Married to Colne Valley Male Voice Choir’s conductor Thom Meredith, Ms Hudson also caroused the audience into participating in the ‘energetic’ Twelve Days of Christmas, with the entire audience and choirs joining in the yuletide ‘aerobic work-out’.

The band, under the direction of musical director John Roberts, displayed some fine and intricate musicianship in the Sussex Mummer’s Carol and Santa Claustrophobia and a slightly jazzed-up version of Prokofiev’s Midnight Sleigh Ride.

Trombonist Steve Godson brought some seasonal pantomime to the stage with his interpretation of Frosty the Snowman while A Christmas Finale brought a stirring end to their second spot.

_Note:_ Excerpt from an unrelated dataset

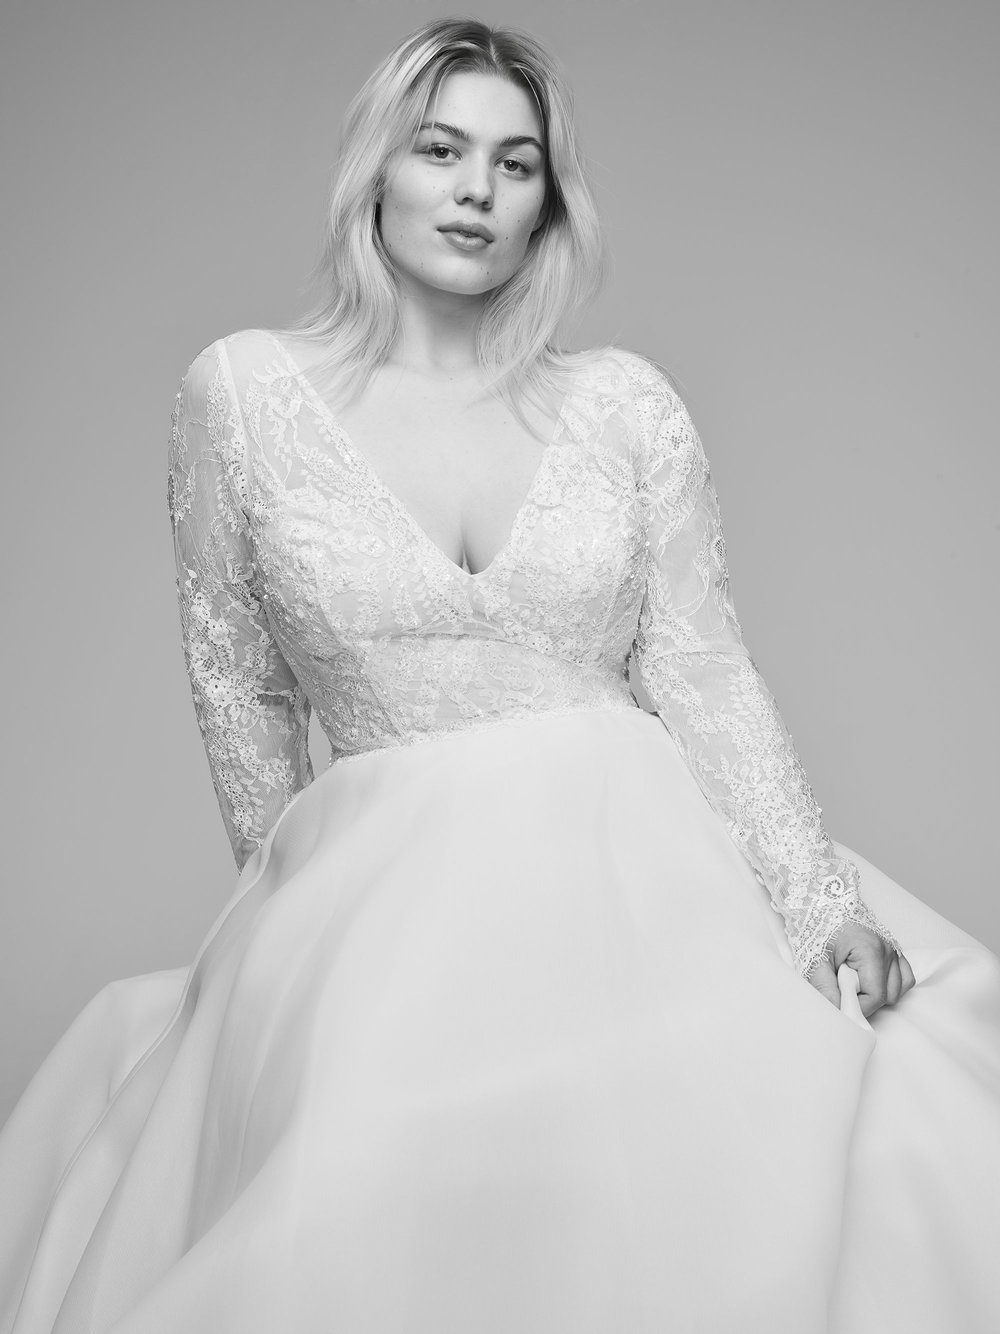 The Chrissy Plus size wedding gown from Curve Couture by Anne Barge

The choir, although short in numbers – particularly the men who numbered just 11 and could certainly benefit from a few more basses – were nevertheless enthusiastic in their delivery, opening with two numbers arranged by the late Sir Malcolm Sargent. These were Mary Had a Baby and De Virgin Mary had a Baby Boy.

Conducted and compèred by Alan Brierley the choir – now enjoying its 65th year – closed with Jingle Bells before joining the Halifax Young Singers in a Christmas Celebration, before the entire Town Hall joined together for the uplifting Hark the Herald Angels Sing to bring another Methodist Christmas Concert to a successful conclusion.